Литмир - Электронная Библиотека
A
A

— Олаф! — почти беззвучно воскликнула Экийя, не веря себе, закрыла глаза и покачнулась.

Кувшин опрокинулся, и вода полилась легкой струей ей на ноги, но Экийя ничего не замечала: слезы, горькие и радостные, подступили к горлу и перехватили ей дыхание. Она закрыла лицо руками и разрыдалась.

Олаф подошел вплотную и дрожащими руками обнял ее. И как только его руки коснулись ее плеч, он понял, что никогда ничего подобного не испытывал в своей жизни. Тепло, радость, счастье беспредельно овладели им, и он, волнуясь, прошептал ей:

— Ты же знаешь, что ты моя мука и радость!

Экийя задохнулась от счастья и стала молча целовать его кольчугу, наплечники и могучие руки…

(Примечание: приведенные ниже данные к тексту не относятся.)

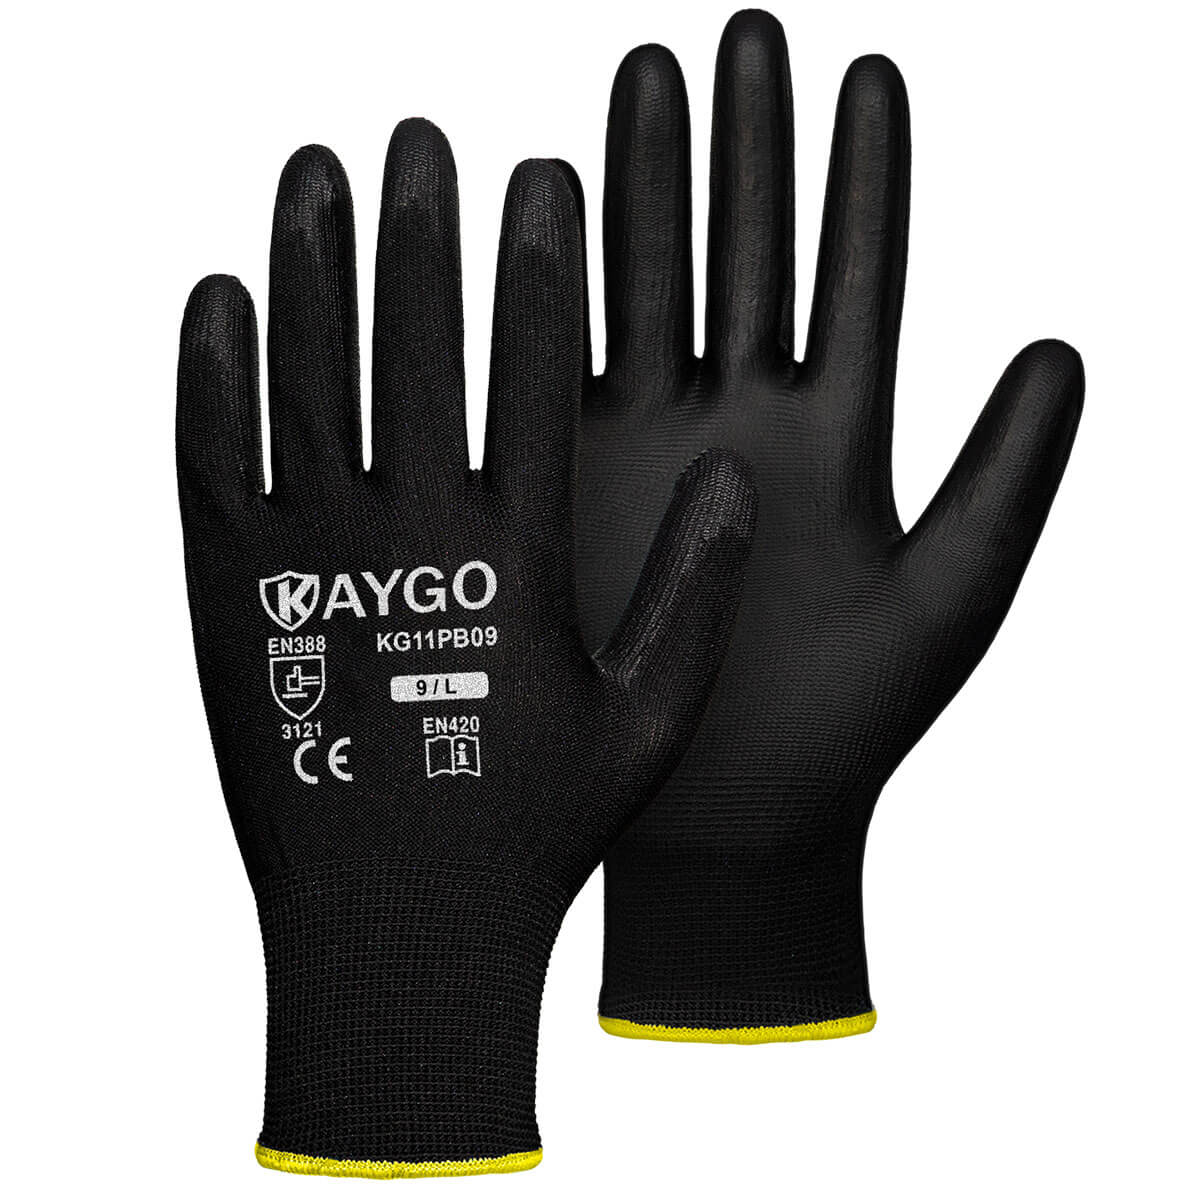 Work Gloves-Pu Coated,12 Pairs,Thin Garden Gloves for Men Women,Ideal for  Light
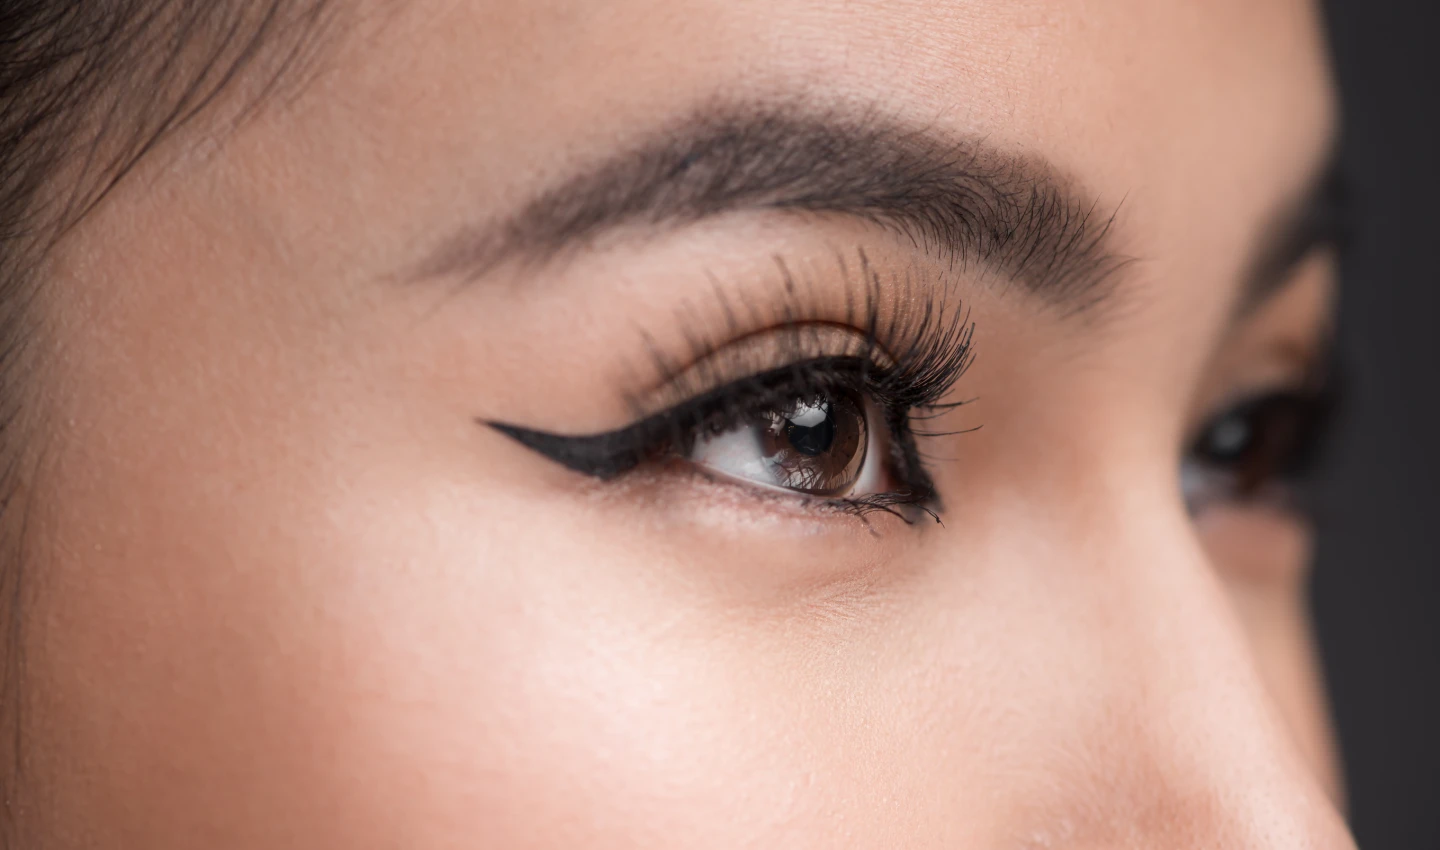 Winged Eyeline: Close-up of a mesmerizing eye with perfectly applied winged eyeliner

Солнце клонилось к закату, когда Олаф разжал объятия и нехотя отпустил от себя Экийю. Она расслабленными движениями рук приводила в порядок свой обычный, украшенный грибатками и монистами наряд, и томно поводила головой, чтобы волосы сами улеглись в ровную копну сзади. Олаф жадно следил за всеми ее жестами и движениями тела, с болью думал о том, что пока не может ее забрать в свой дом, ибо с Рюриковной Экийя не должна жить под одной крышей… Надо что-то придумать, и немедленно!.. Нельзя больше отпускать Экийю от себя! Слишком много сил потратил он на преодоление своей тяги к ней…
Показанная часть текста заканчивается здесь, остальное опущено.